# Your assignment:
Without the pictures, write the listing below out again, line for line.

# Information provided:
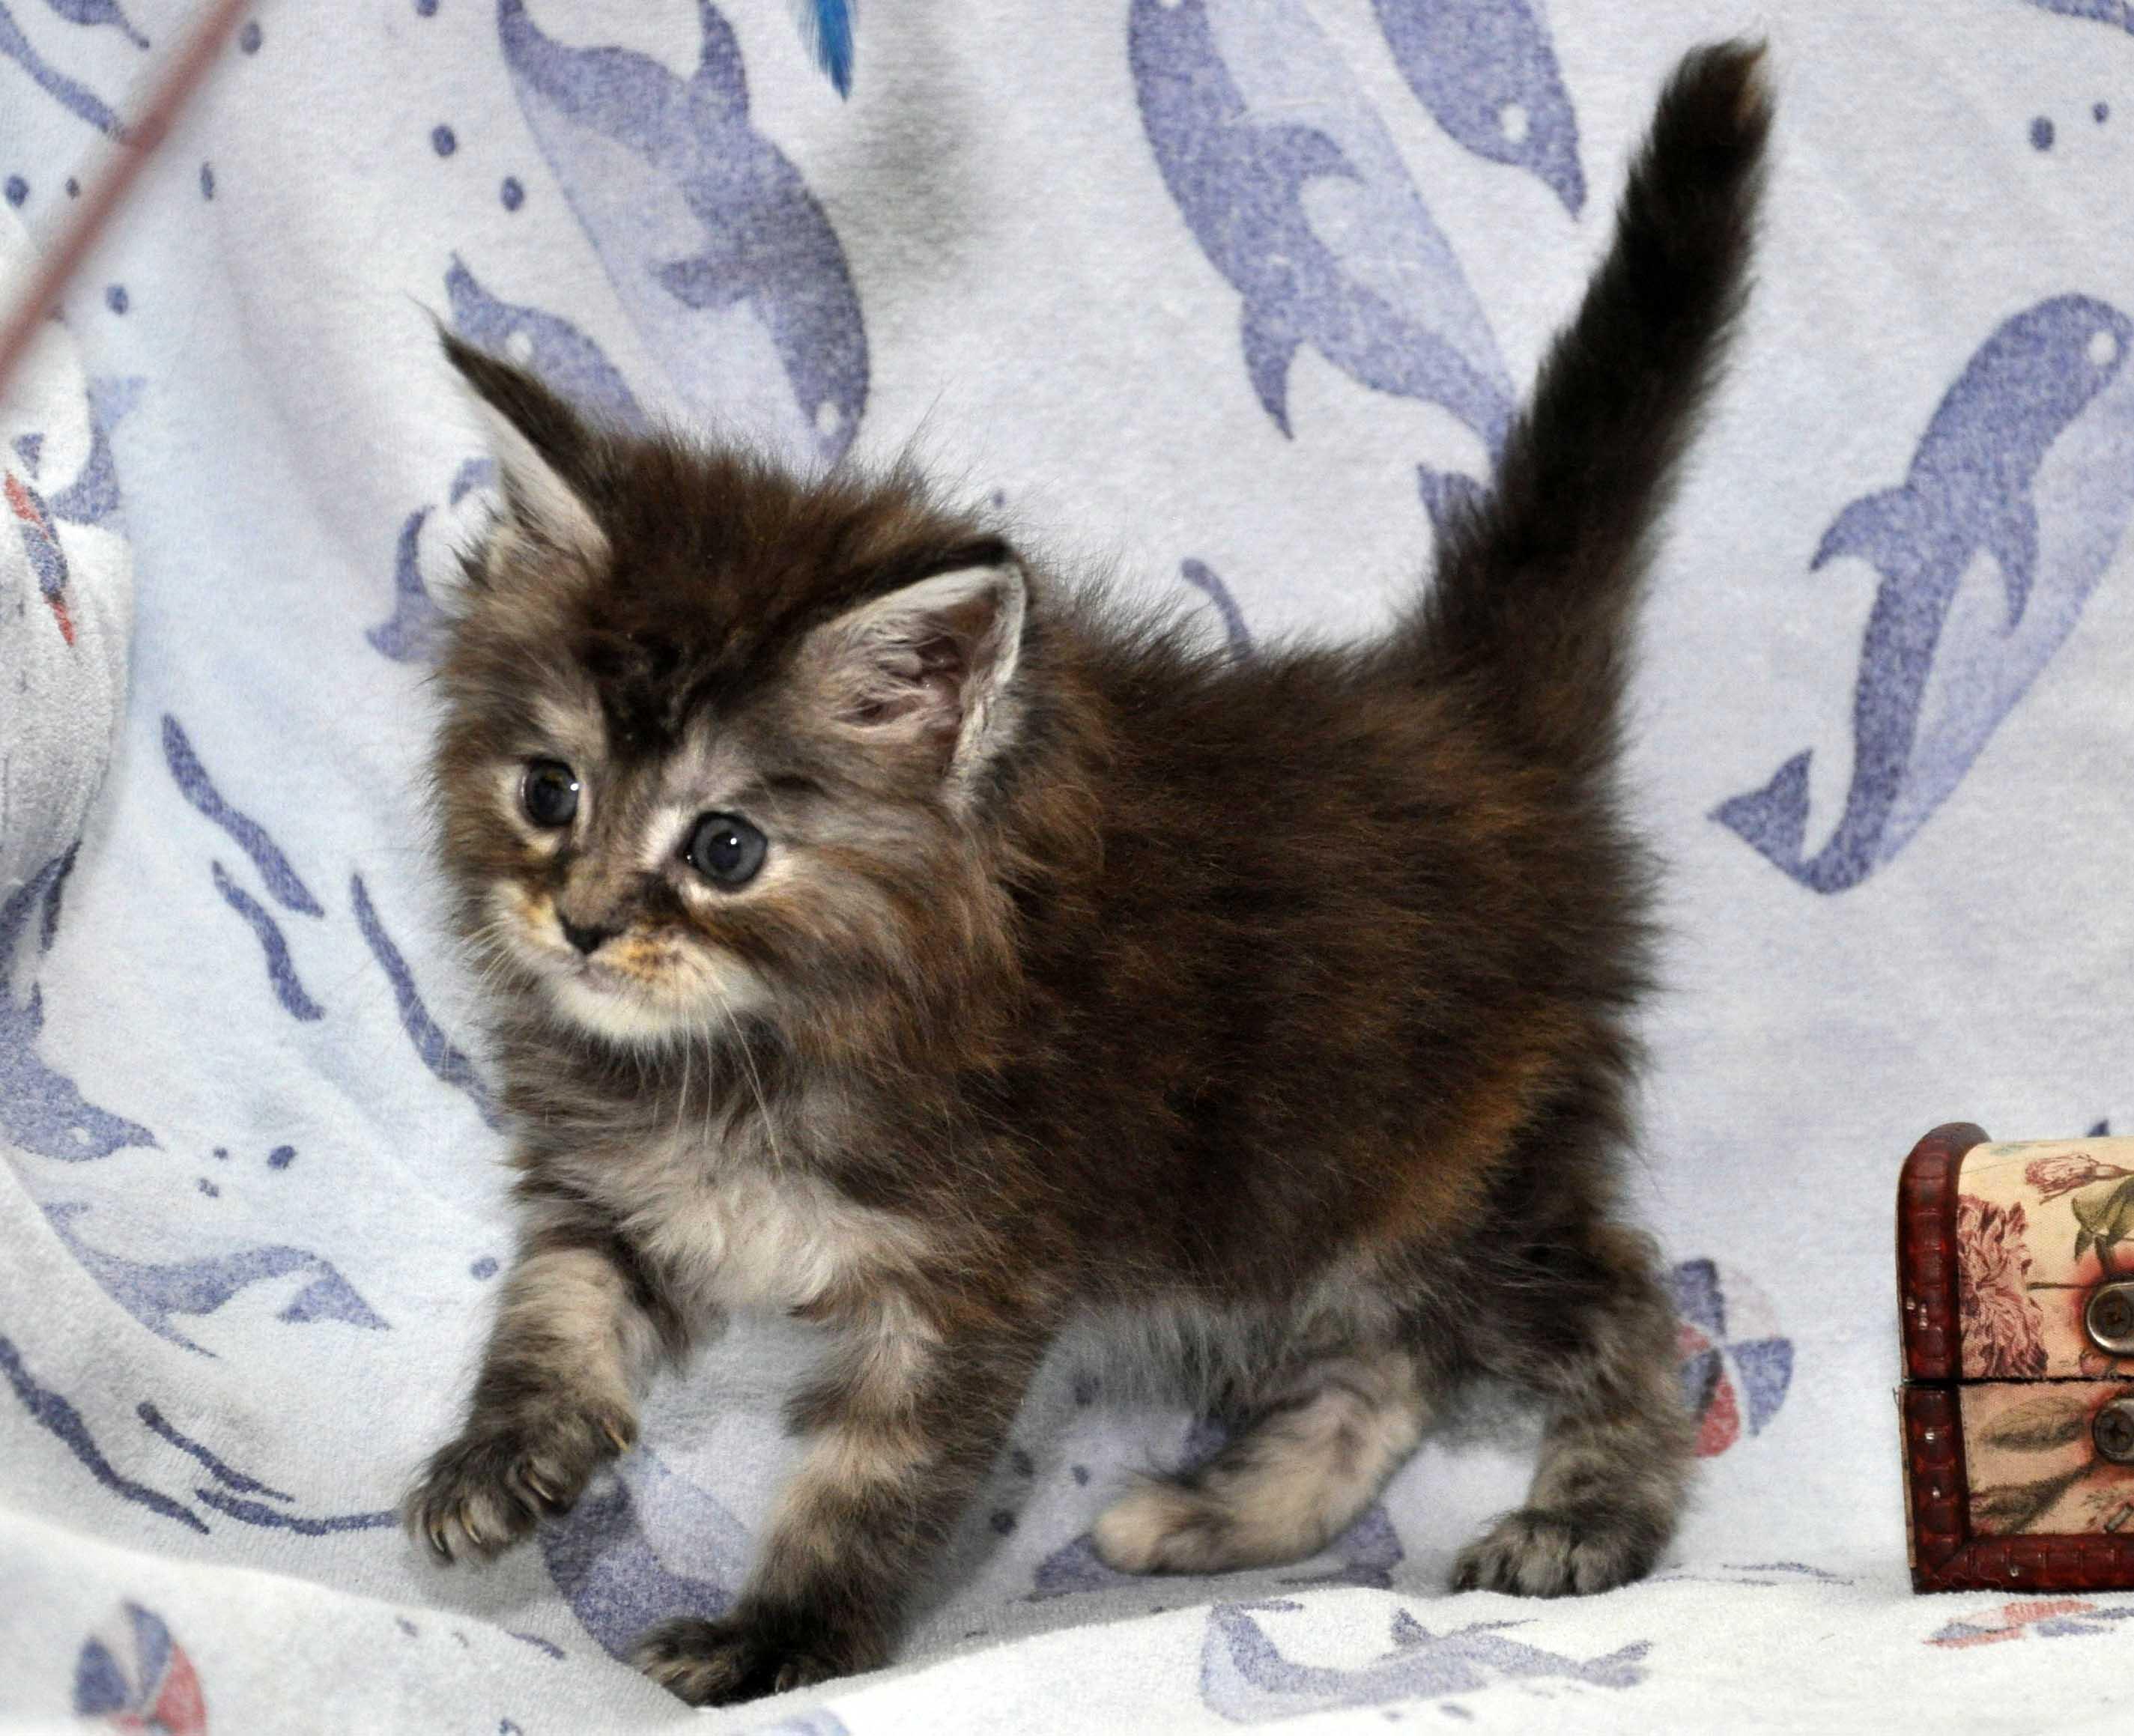 18.11.2017 г.Кошка Мейн Кун 1 female Eyktan P 24122017 foto 4
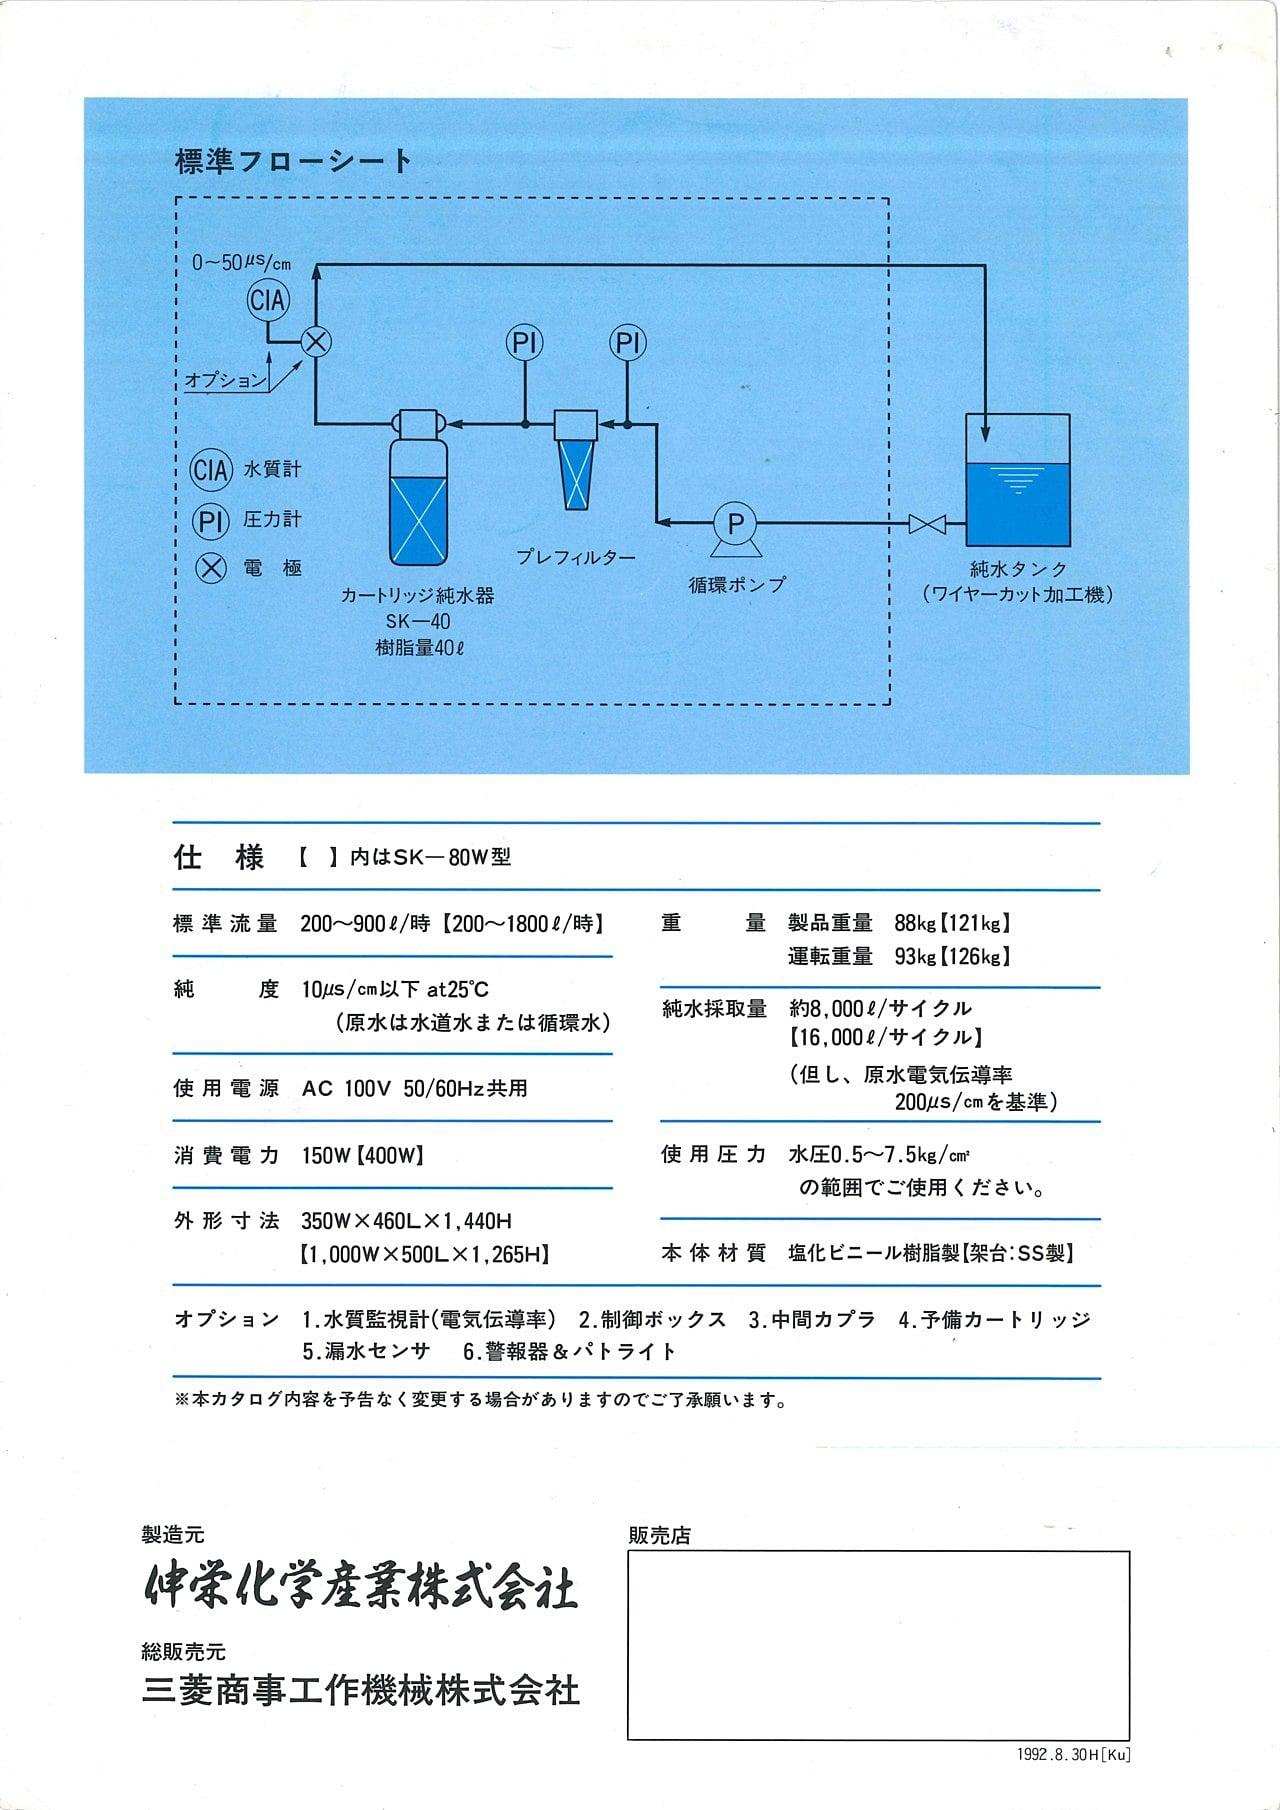 Wire Electric Discharge Method Machineshineikagakusangyo Mashins Wiring Diagram Wires Reproduction Ion Exchange Equipment Edi Uv Sterilizer Ro Film Misato Shi Saitama
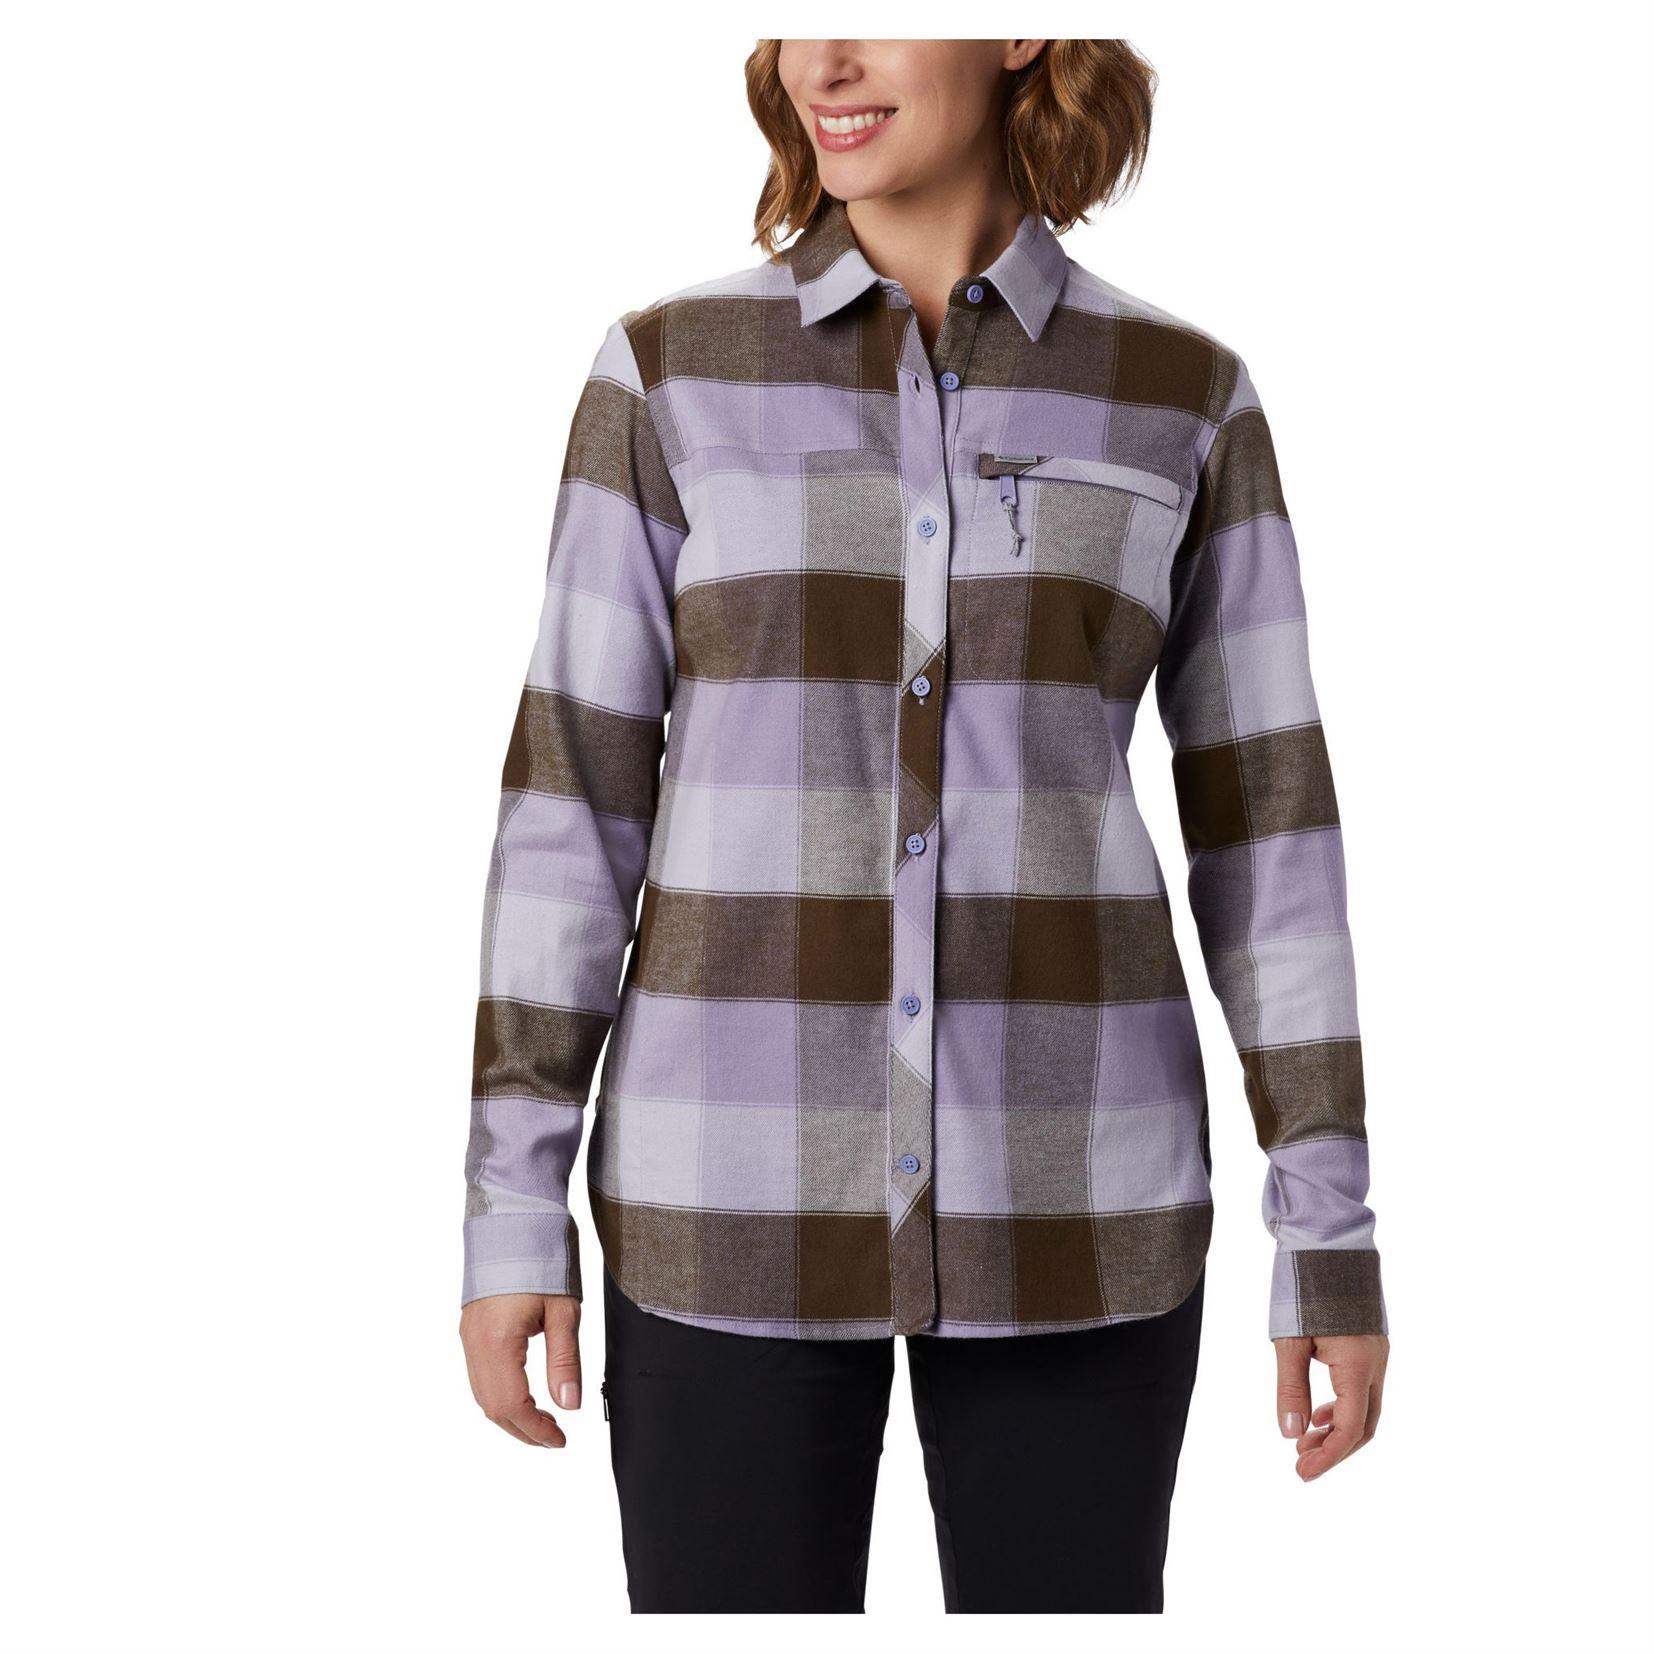 Anytime II Stretch Shirt Long Sleeve - Women's

# Solution for this problem:
 18.11.2017 г.Кошка Мейн Кун 1 female Eyktan P 24122017 foto 4
 Wire Electric Discharge Method Machineshineikagakusangyo Mashins Wiring Diagram Wires Reproduction Ion Exchange Equipment Edi Uv Sterilizer Ro Film Misato Shi Saitama
 Anytime II Stretch Shirt Long Sleeve - Women's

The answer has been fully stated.